Enpicom's product portfolio grows out of work done under its initial business model. The company spun out of Vrije Universiteit Amsterdam in 2015. It was originally set up as a partnership between Nicola Bonzanni and Alvise Trevisan, now the company's CSO and CTO, respectively, to provide tailored bioinformatics solutions for clients. One of those customers was Kite Pharma, a biopharmaceutical company that focuses on developing cancer immunotherapy products and was recently acquired by Gilead Sciences for $11.9 billion. Enpicom initially developed the solutions it is now bringing to market for use at Kite Pharma.

"We started working with them mainly on getting an algorithm on sequence selection and categorization for one of our projects involving T-cell receptors," said Markwin Velders, Kite Pharma's vice president of operations and managing director. Their solution "helped us to order large datasets into valuable and accessible [information]. It helped us select the right sequences to continue with." In addition, Kite also used Enpicom's solutions to ensure that sequences that it selected for further study did not infringe on any existing patents, he said. Velders also highlighted the software's ease of use as one of its key benefits.

Enpicom plans to offer its solutions under a license-based model but is not disclosing prices at this time. Initially, customers will have to install Enpicom's solutions locally if they purchase them but the company is open to exploring partnerships with existing bioinformatics companies, such as DNAnexus, that have cloud-based platforms, Lunenberg said. "It doesn’t make sense to do things like that yourself if there are platform providers that have a good stake in the market and [whose] products are already ready [and being used] by many of our potential customers."

That list of potential customers includes researchers in academia working on new immunotherapies, as well as biotechnology and pharmaceutical companies. Later on, when Enpicom's clinical solution comes to market, the company hopes to see its products peddled in clinics as well, and not just for cancer applications. "[There] is value [in] T-cell repertoire and B-cell repertoire analysis in the field of autoimmune diseases and organ transplantation, to observe whether the immune system is recovering well or not [for example]," Lunenberg said. So "that is a second audience that we can identify."

Meanwhile, Kite Pharma continues to use the Enpicom-developed solution internally, Velders said, and the companies are still in contact regarding software development in general. It is not clear how the partnership will proceed under Kite's new ownership – Velders declined to comment on the combined company's plans moving forward.

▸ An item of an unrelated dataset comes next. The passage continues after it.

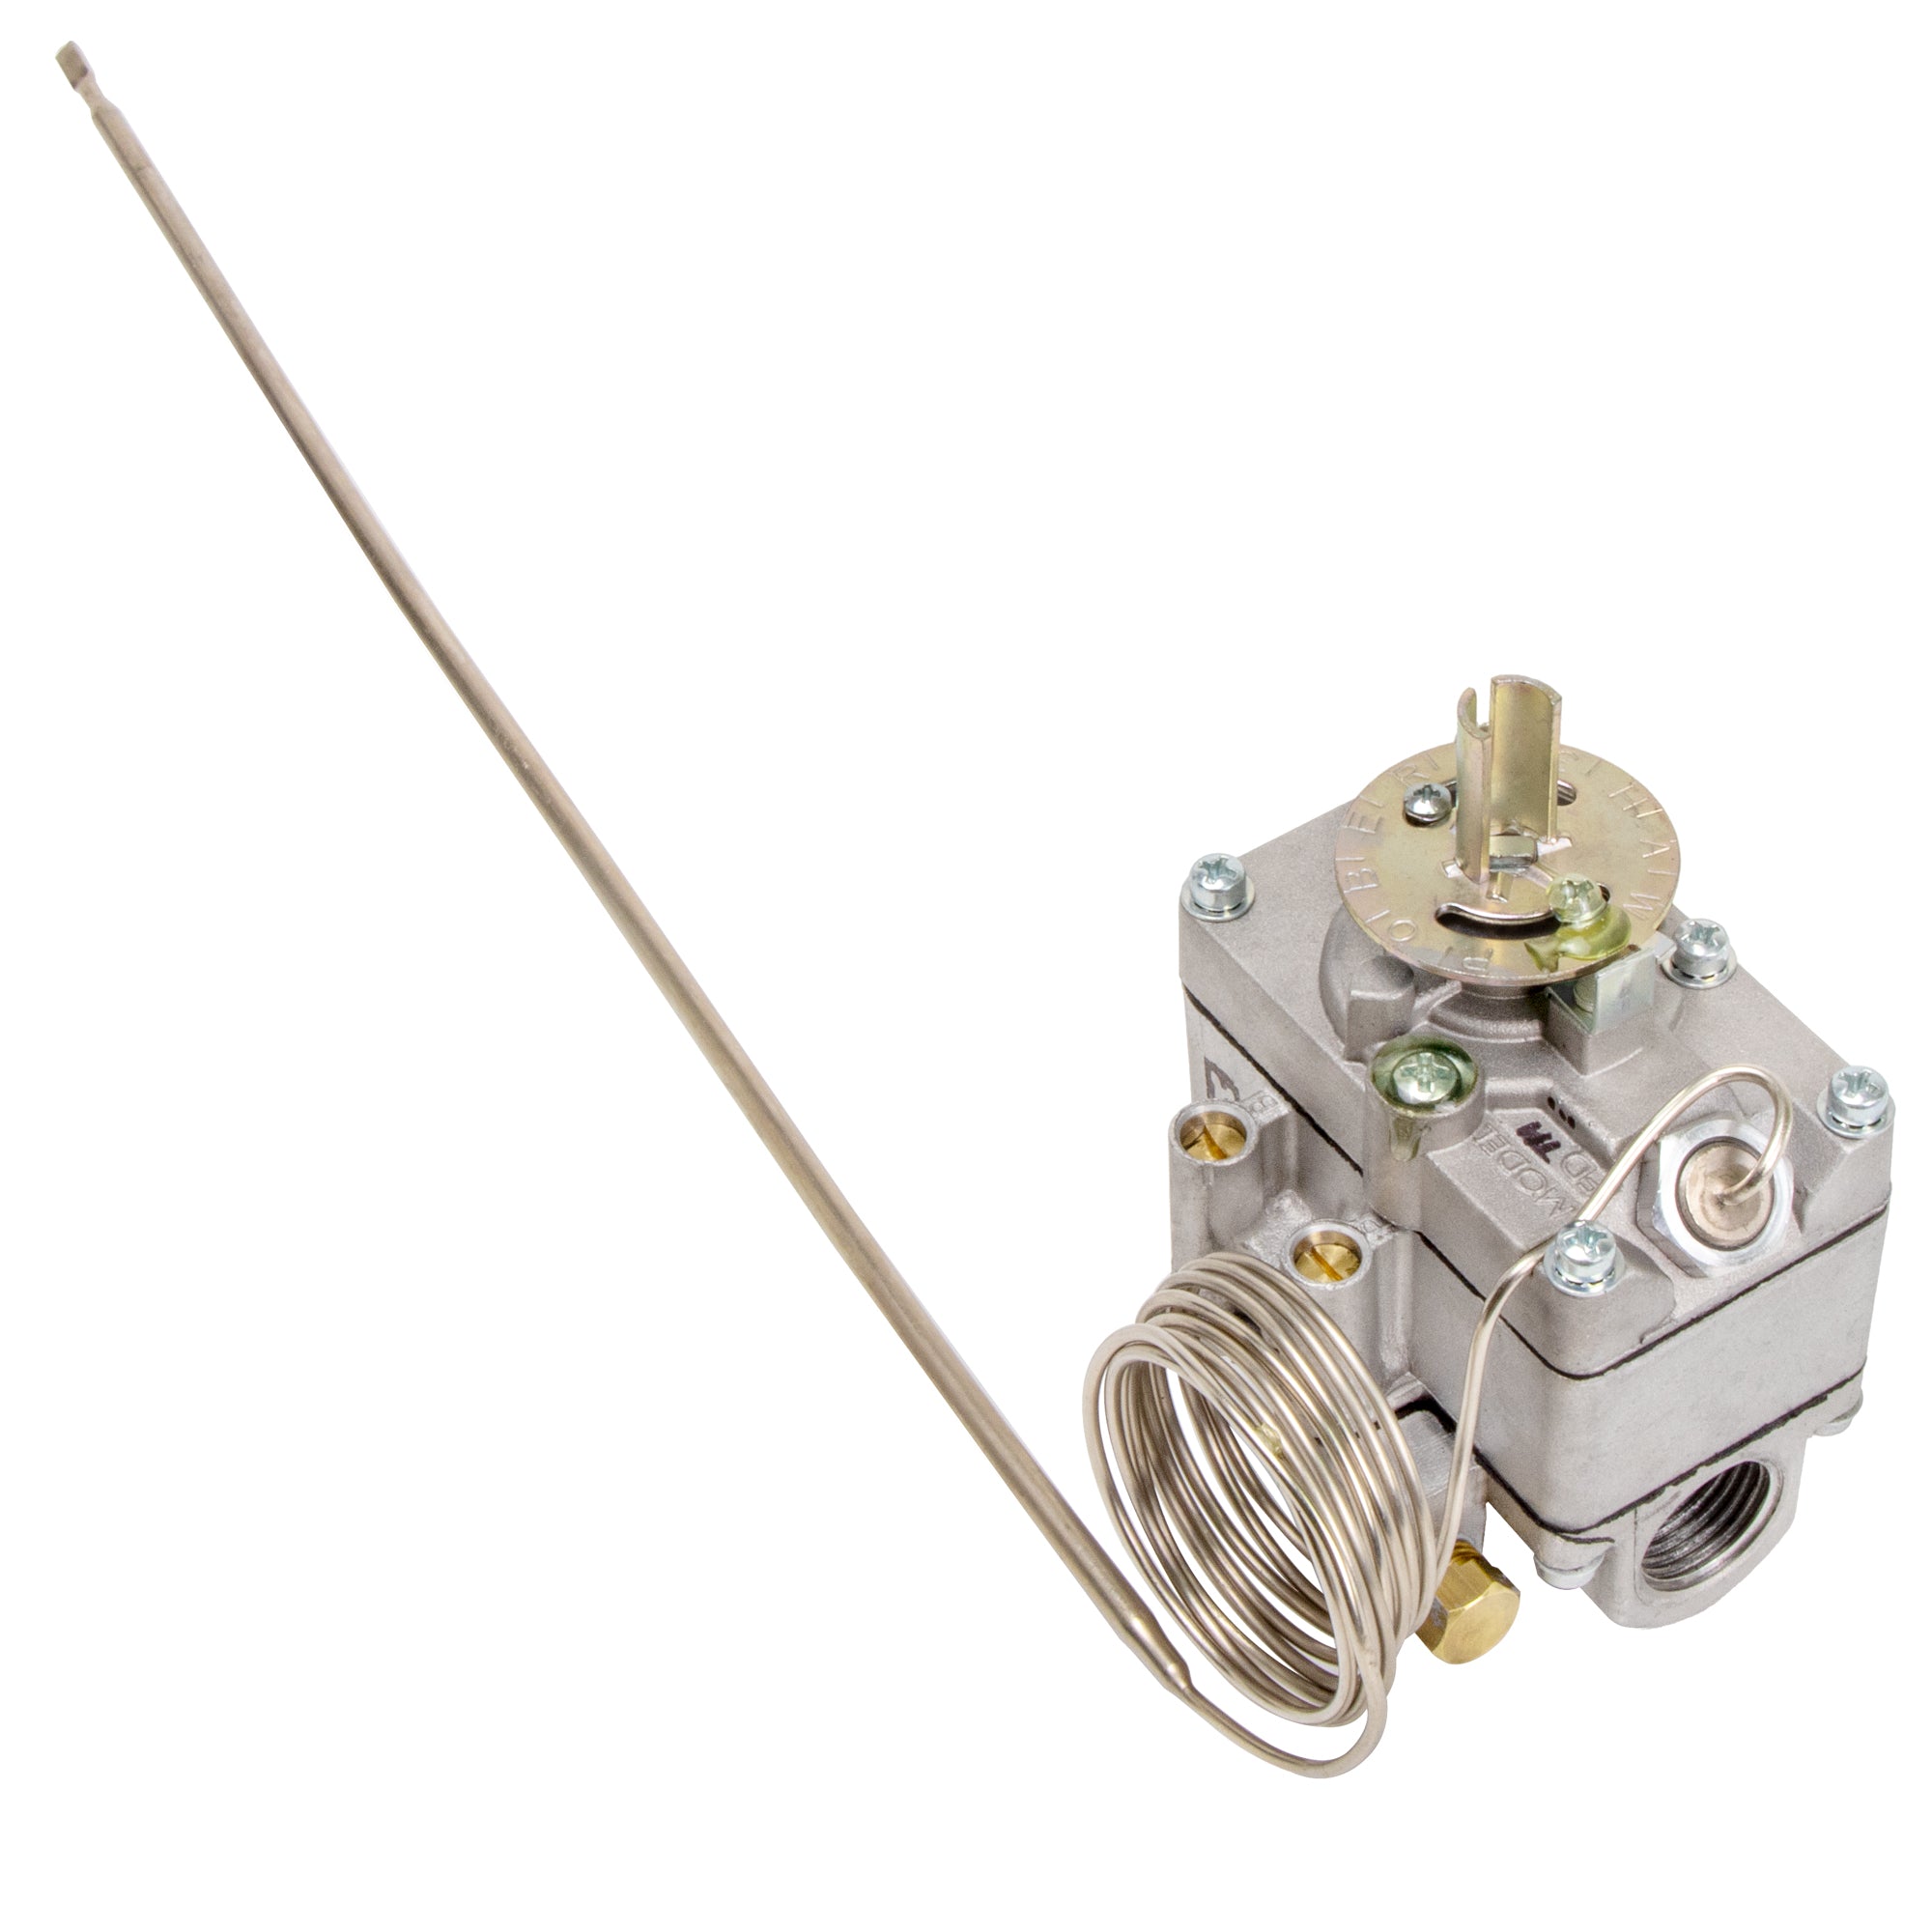 Robertshaw KKTB-18-48 Stove Oven Range Thermostat 5A 120VAC Max Temp 599°F for Awoco and Other GAS Range Stoves

Enpicom is also partnering with companies and academic institutions currently developing immunotherapies to create assays that cover tools for sample prep through to analysis using Enpicom's solutions. It has also set up a Eurostars consortium with several immunotherapy developers, data management companies, and a university medical center in Europe to work on validating its solutions. It has applied for grant funding from Eureka, a pan-European intergovernmental research and development funding initiative, to support those efforts. Enpicom also received an early-phase loan of an undisclosed amount from the Dutch Ministry of Economic Affairs, which it is using to support product development and expand its team.